Introduction and Problem Definition

In this study, we would like to create a machine learning model to forecast the Electricity Demand of Houston, TX, in hourly resolution, using historical demand, weather, and other related data.

We scraped the website of Electric Reliability Council of Texas (ERCOT) to download historical demand for Houston, starting with oldest data available, which is from May 07, 2024, to today.

It is known that “Electricity use is higher during the workday than in the evening; higher on weekdays than on weekends and major holidays; higher in summer and winter than in fall and spring; and higher when cold weather leads to more heating, or when warm weather leads to greater use of air-conditioning.” (The New York Times, 2020) Therefore, we first want to obtain corresponding weather and calendar/holiday data: For weather-related variables, we downloaded ECMWF’s ERA5 data.

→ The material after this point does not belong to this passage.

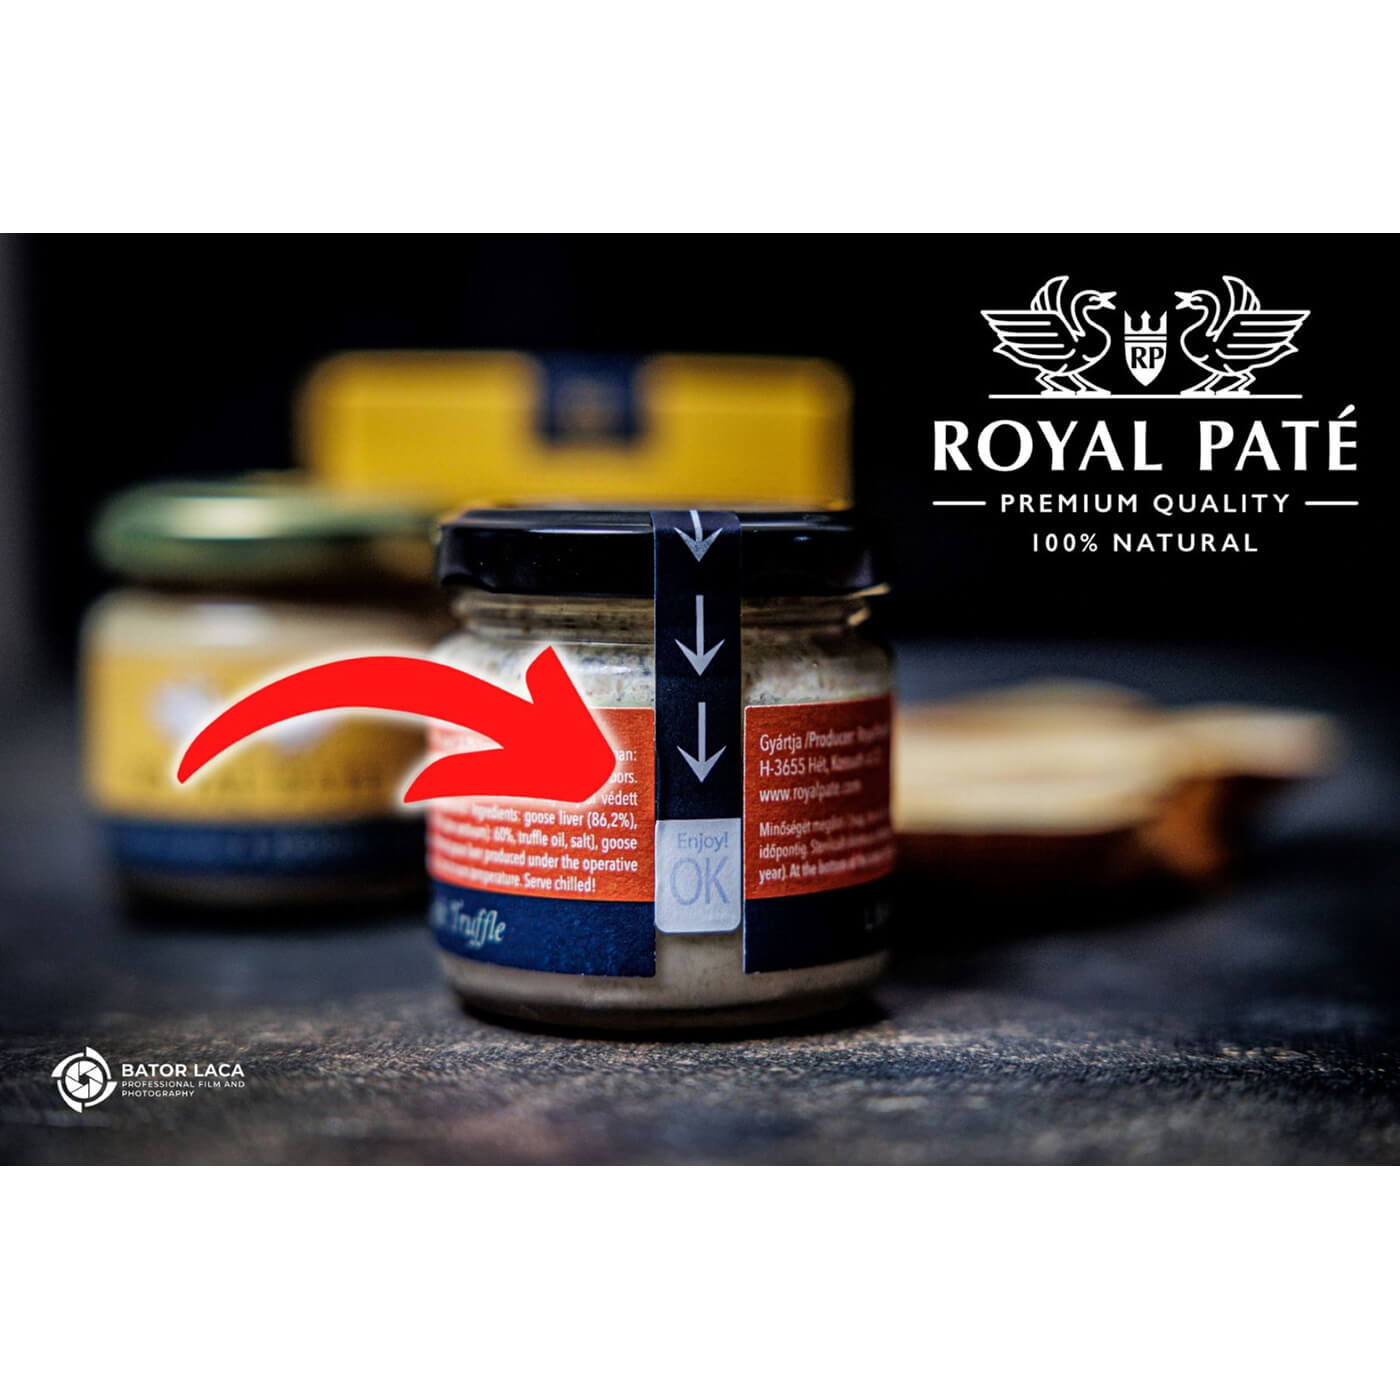 Mousse de foie gras cu miere de castane 60% ficat de gasca Royal Pate 70g

We downloaded following variables: 2m dewpoint temperature (dewpoint_2m), 2m temperature (temperature_2m), 10m u-component of wind, 10m v-component of wind, Surface solar radiation downwards (SSRD) (which is important to capture the effect of behind-the-meter solar power generation on the demand), and Total precipitation (TP) variables from April 2024 to January 11, 2026. SSRD and TP are accumulated parameters, therefore, we adjusted them (lead by 1-step) to be used with other -instantaneous- variables. Using 10m u-component of wind, and 10m v-component of wind variable, we calculated the wind speed, and with the help of temperature variables, we also calculated apparent (feels like) temperatures.

We employed lares library and Nager.Date API to label federal, state, or Houston city holidays and bridge days in our focused time period: New Year’s Day, Martin Luther King Jr. Day, Presidents’ Day, Spring Holiday, Memorial Day, Juneteenth, Independence Day, Labor Day, Election Day (November 5, 2024), Veterans Day, Thanksgiving Day, Day After Thanksgiving Day, Christmas Day, Day After Christmas Day, and Bridge Days (of Long Weekends): July 5th 2024, November 10th 2025, and January 2nd 2026.

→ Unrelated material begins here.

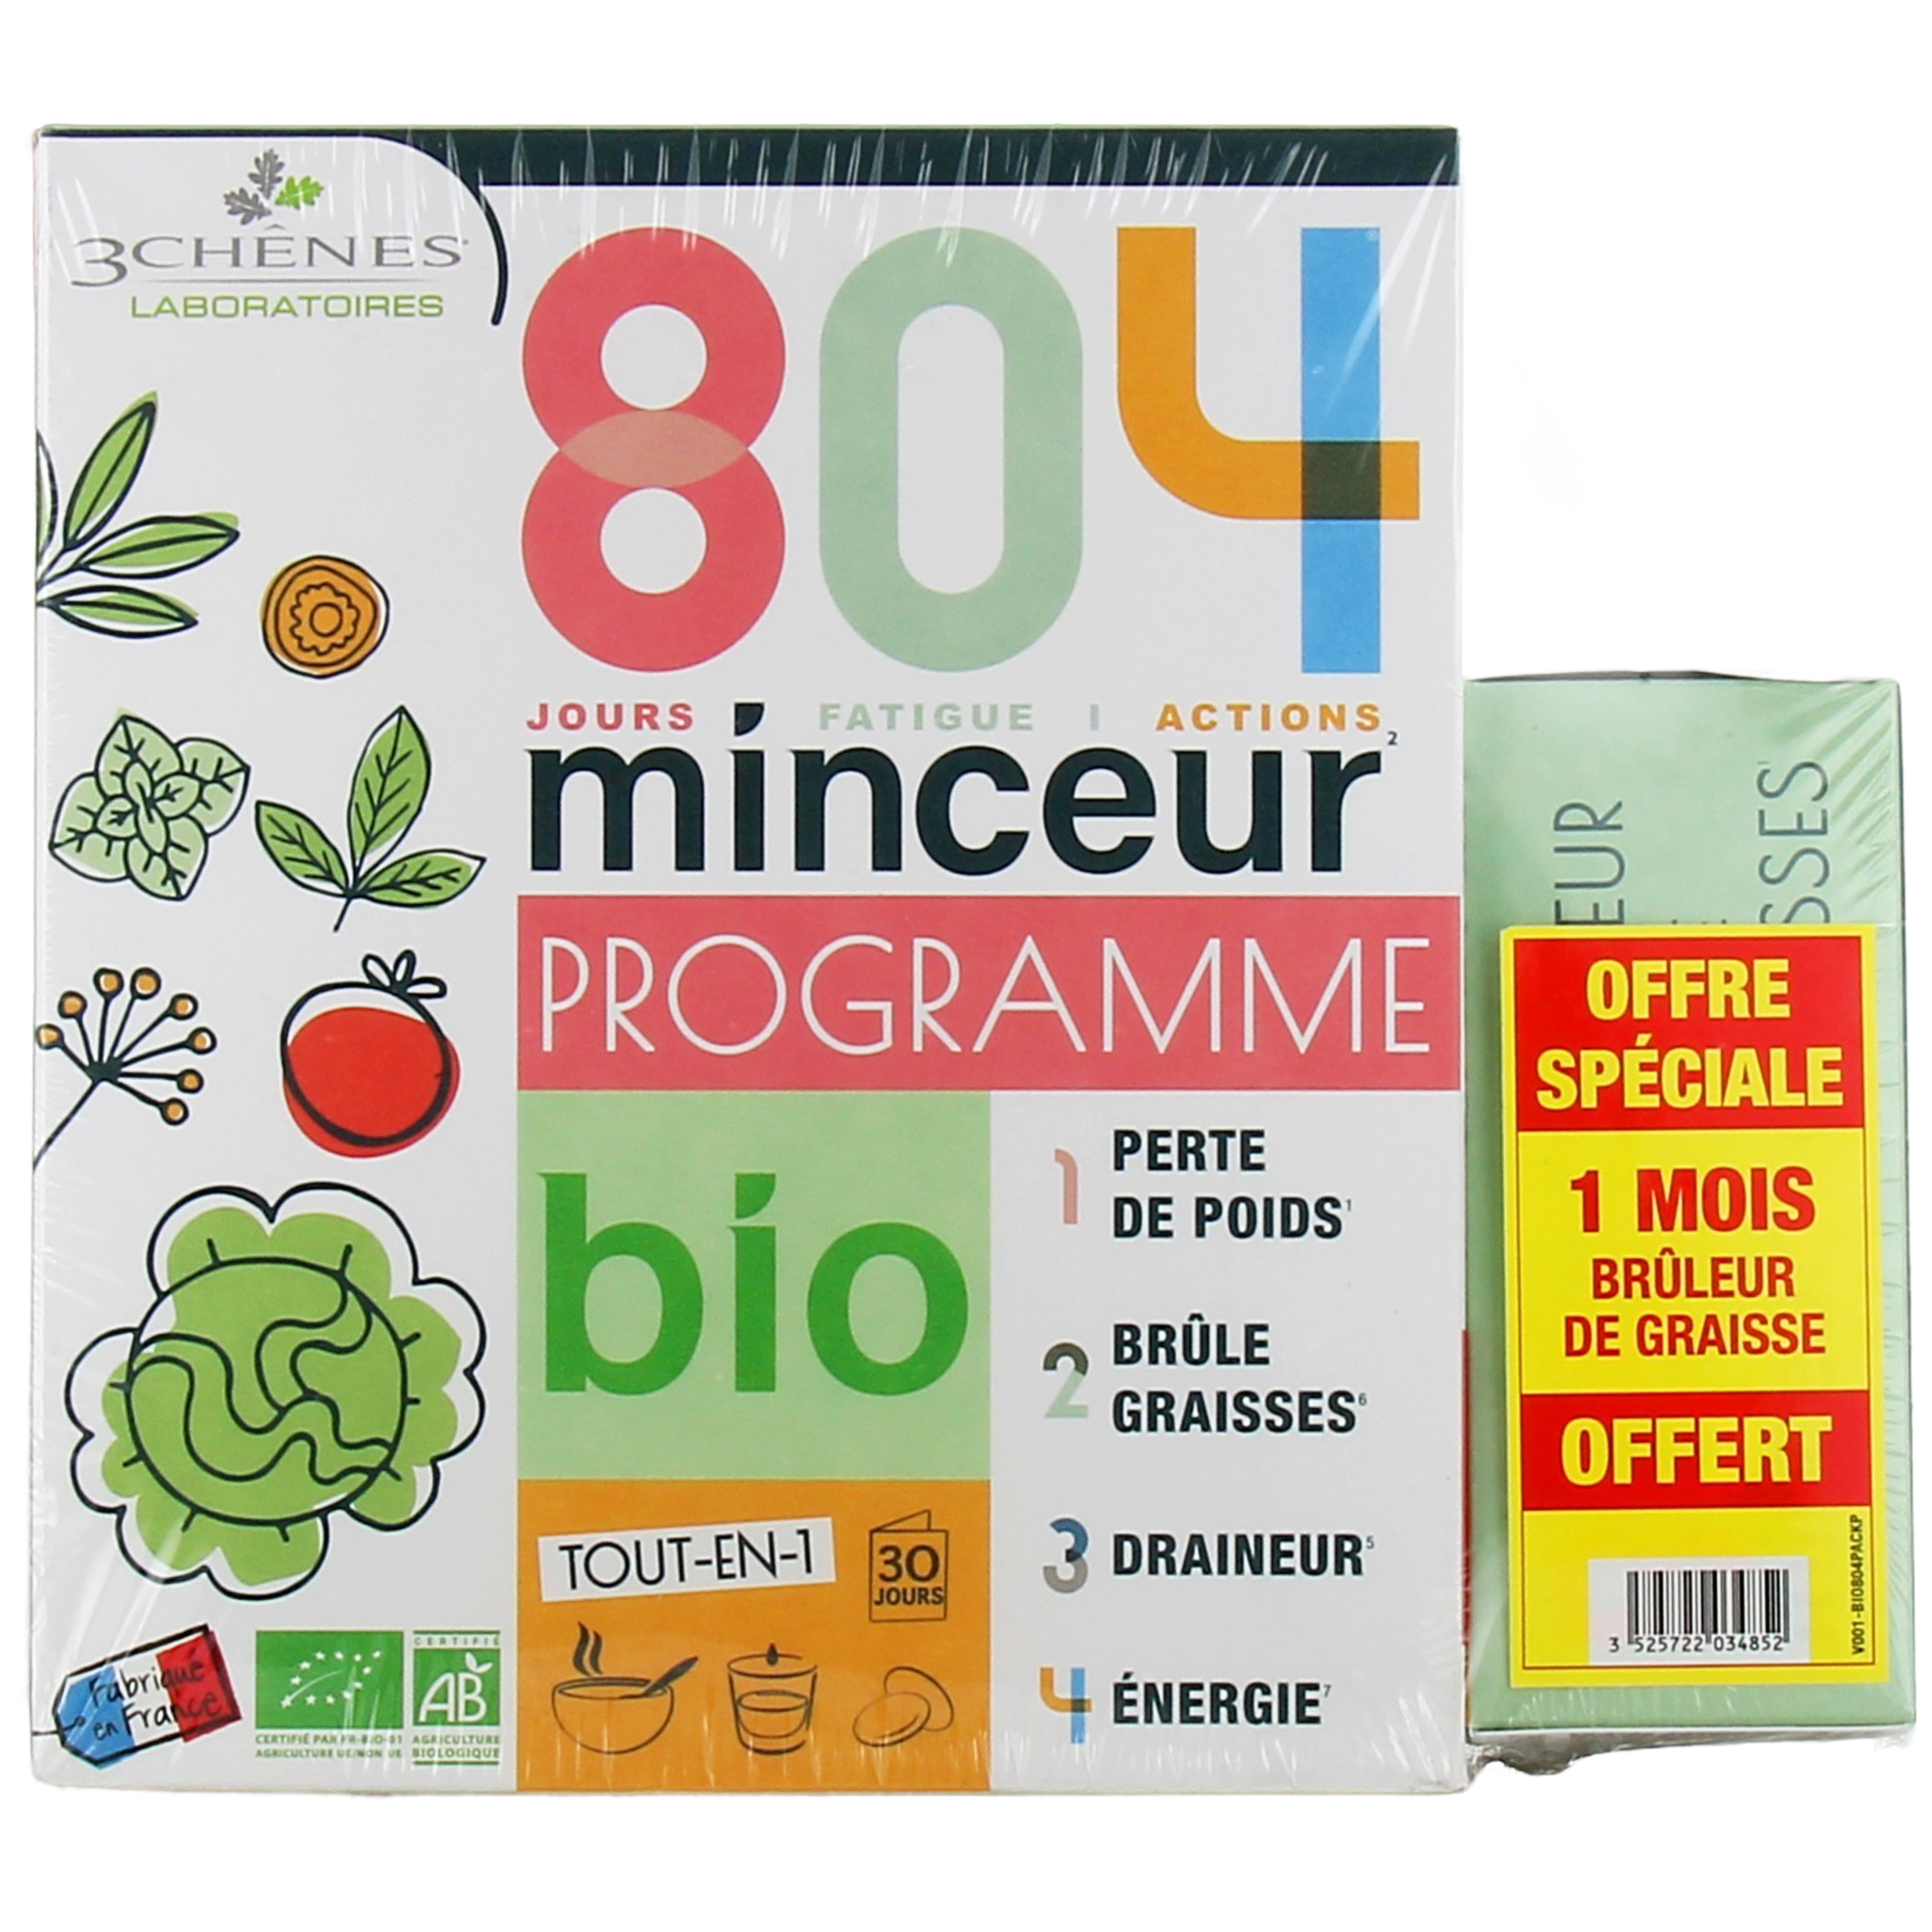 804 Programme Minceur Bio

Other important features are also derived: Cyclical encoding for hour of day and day of year, day of the week, a weekend indicator, a working hour indicator (7 AM - 7 PM on business days), feels like temperature lags (lag of 1, 2, 3, 6 hours), rolling mean of feels like temperature (past 6 hours), rolling maximum of feels like temperature (past 24 hours) (we took only the maximum since Houston is cooling-dominated).

A First Glimpse at Data

All data is available on the file houston_ercot_weather_data.csv. Let’s take a quick look!

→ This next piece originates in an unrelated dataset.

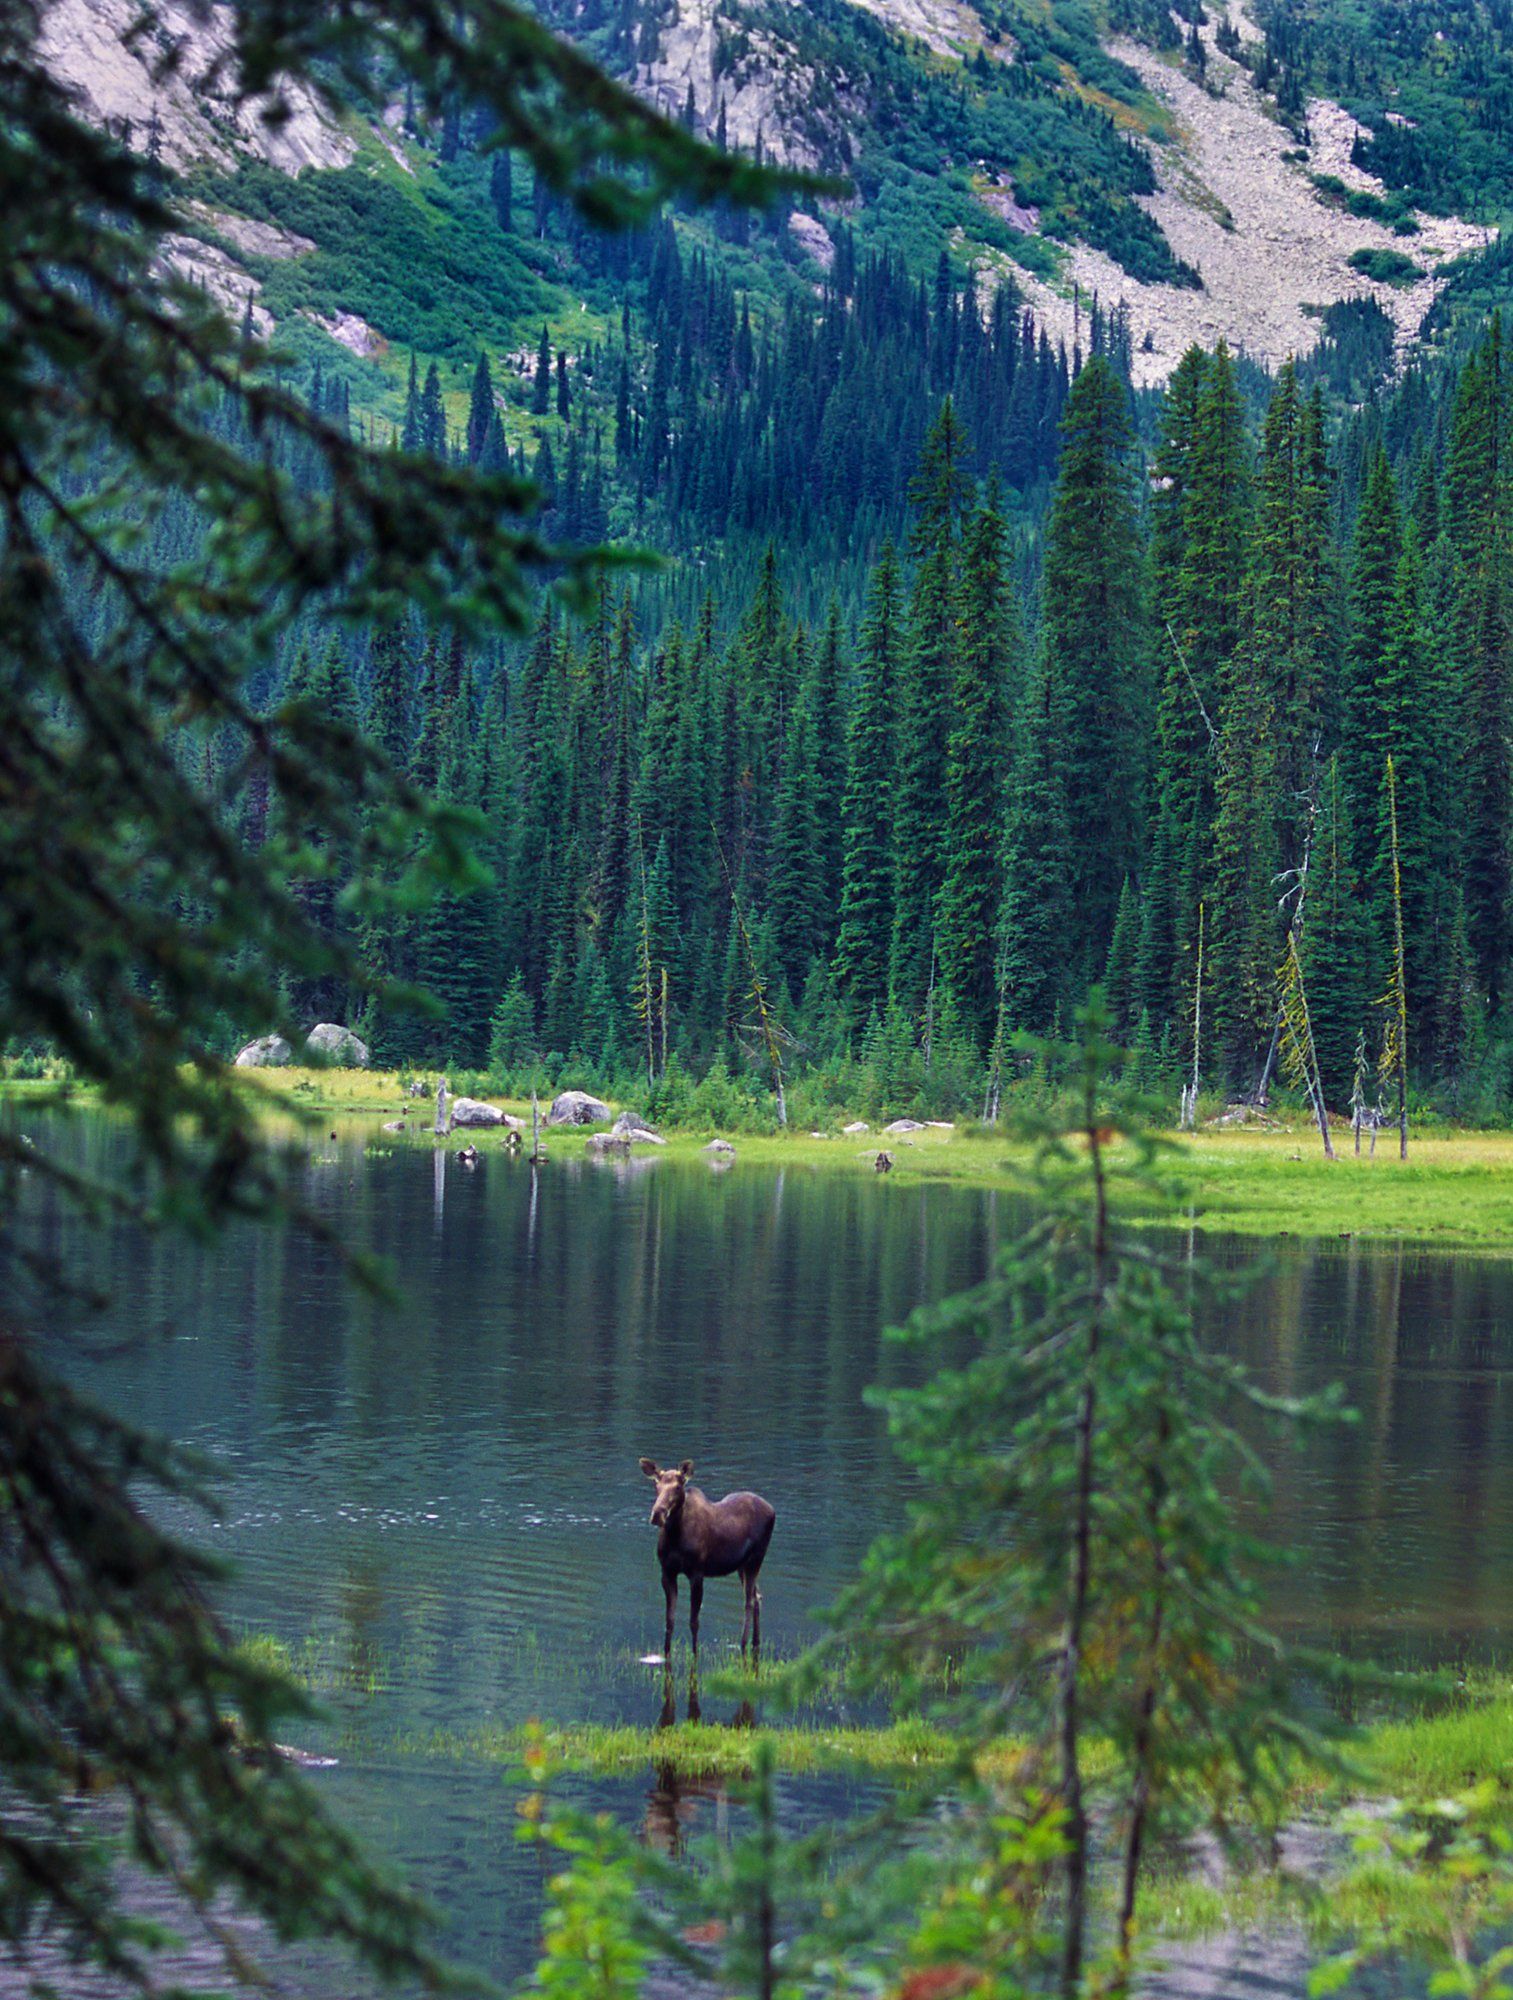 Moose, Gibson Lake, British Columbia

ercot_weather_data <- read_csv(file = "houston_ercot_weather_data.csv")
# Note: During Daylight Saving Time "fall back" transitions 
# (November 3, 2024 and November 2, 2025), 
# the repeated hour's demand values were averaged.
ercot_weather_data$DateTime <- lubridate::with_tz(ercot_weather_data$DateTime, tzone = "America/Chicago")
ercot_weather_data$wday <- as.factor(ercot_weather_data$wday)
ercot_weather_data$holiday <- as.factor(ercot_weather_data$holiday)
ercot_weather_data$is_weekend <- as.factor(ercot_weather_data$is_weekend)
ercot_weather_data$is_working_hour <- as.factor(ercot_weather_data$is_working_hour)
fig1 <- ercot_weather_data %>%
  plot_ly(x = ~DateTime, y = ~Demand) %>%
  add_lines() %>%
  layout(
    title = list(text = "Actual Hourly Loads of Houston, TX (in MW)", font = list(size = 16))
  )
fig1

We notice some outlier days that have much lower consumption. To get a better glimpse, we want to look to the demand with 2m-temperature and working hour variable together.

ercot_weather_data %>%
  mutate(
    working_label = factor(
      ifelse(is_working_hour == "1", "Yes", "No"),
      levels = c("Yes", "No")
    ),
    demand_formatted = paste0(round(Demand / 1000, 2), "k"),
    datetime_formatted = format(DateTime, "%B %d, %Y, %H:%M")
  ) %>%
  plot_ly(
    x = ~temperature_2m,
    y = ~Demand,
    color = ~working_label,
    colors = c("Yes" = "#0072B2", "No" = "#E69F00"),
    type = "scatter",
    mode = "markers",
    marker = list(opacity = 0.6),
    text = ~paste0(
      datetime_formatted,
      " (2m_Temp: ", round(temperature_2m, 2),
      ", Demand: ", demand_formatted, ") "
    ),
    hoverinfo = "text"
  ) %>%
  layout(
    xaxis = list(title = "Hourly 2m Temperature in Celsius", zeroline = FALSE),
    yaxis = list(title = "Hourly Demand in Houston (in MW)"),
    legend = list(title = list(text = "Working Hour"))
  )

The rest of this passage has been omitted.